The second season began airing on September 24, 2015, and aired nine episodes in the fall, just like the rest of ABC's primetime lineup "TGIT" Grey's Anatomy and Scandal. The remaining fall schedule for ABC was announced on November 16, 2015, where it was announced that How to Get Away with Murder would air nine episodes in the fall with the fall finale to air on November 19, 2015, just like the rest of ABC's primetime lineup "TGIT", which was the same last year. The remaining six episodes aired after the winter break, beginning on February 11, 2016, as a result of ABC airing the television miniseries Madoff over two nights on February 3–4, 2016 in the same time-slot as Scandal and Grey's Anatomy. It aired its season finale on March 17, 2016, with The Catch succeeding it for the remainder of the 2015–16 season after its finale. On March 3, 2016, ABC announced that How to Get Away with Murder was renewed for a third season.

Filming
Production began on May 21, 2015, with Shonda Rhimes announcing on Twitter that Peter Nowalk and his writers were in full swing mapping the second season. The table read for the premiere occurred on July 14, 2015, with the title of the episode being revealed at the same time.

Casting

The second season had nine roles receiving star billing, with all of them returning from the previous season. Viola Davis played the protagonist of the series, Professor Annalise Keating, a high-profile defense attorney, teaching a class at Middleton University. Billy Brown played Detective Nate Lahey, Annalise's lover. There are five students who work at Annalise's law firm. Alfred Enoch portrayed Wes Gibbins, as he was devastated about Rebecca escaping. Jack Falahee portrayed Connor Walsh, the ruthless student who found himself in a situation where his boyfriend Oliver Hampton, played by Conrad Ricamora, had received news of having HIV. Aja Naomi King played Michaela Pratt, the ambitious student who wanted to be as successful as Annalise. Matt McGorry continued portraying Asher Millstone, a student who comes from a privileged background. Karla Souza played Laurel Castillo, an idealistic student. Charlie Weber portrayed Frank Delfino, an employee of Annalise's firm who is not a lawyer but handles special duties requiring discretion. Liza Weil played Bonnie Winterbottom, who is an associate attorney in Annalise's firm.

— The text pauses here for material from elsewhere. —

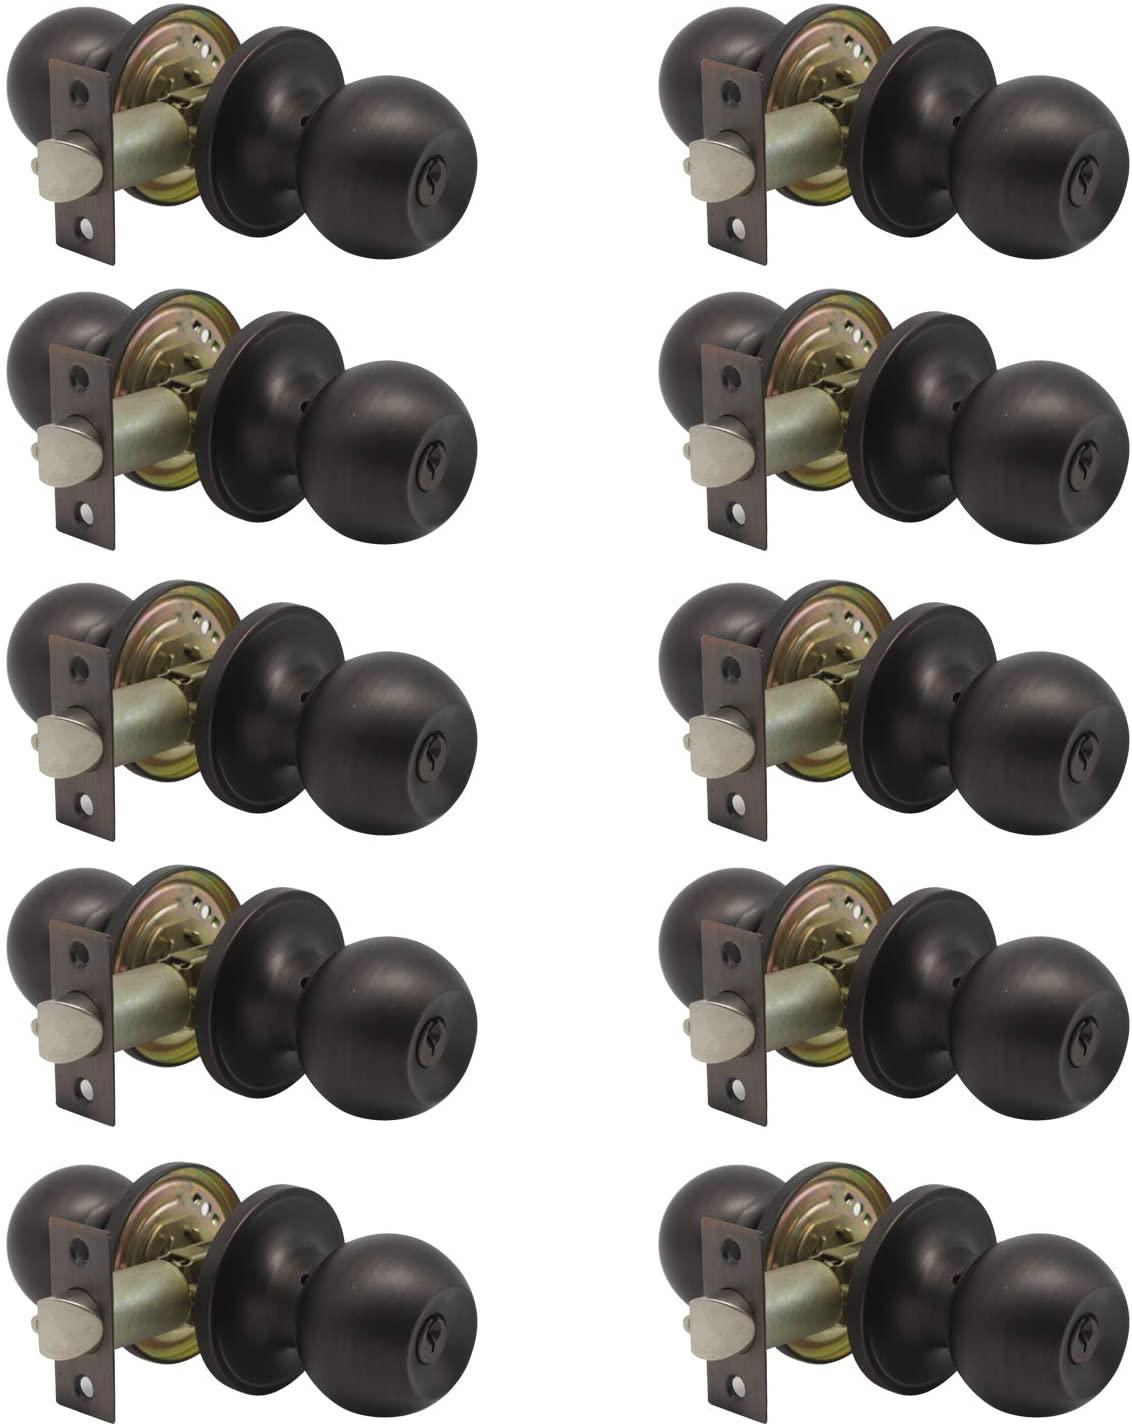 knobelite(10 Pack)Entry Door Knob Keyed Alike,Oil Rubbed Bronze Door Lock Handle,Entry Door Lock/Ball Door knobs with Lock and Same Key,Entrance Knob[Lock with 3 Combo Keys]for Office or Front Door

It was announced on July 14, 2015, that the second season would introduce several new characters, including a family consisting of Caleb, Catherine and Helena Hapstall. Katie Findlay returned to play the character Rebecca Sutter, who was killed in the first-season finale. Tom Verica also appeared in the season as the deceased Sam Keating, and appeared in flashbacks. On July 22, 2015, it was announced that Kendrick Sampson, known from The Vampire Diaries would join the cast in the second season and was introduced in the season premiere. On July 31, 2015, TVLine reported that Famke Janssen was cast as a brilliant, revered defense attorney for a multi-episode arc and would first appear in the season premiere.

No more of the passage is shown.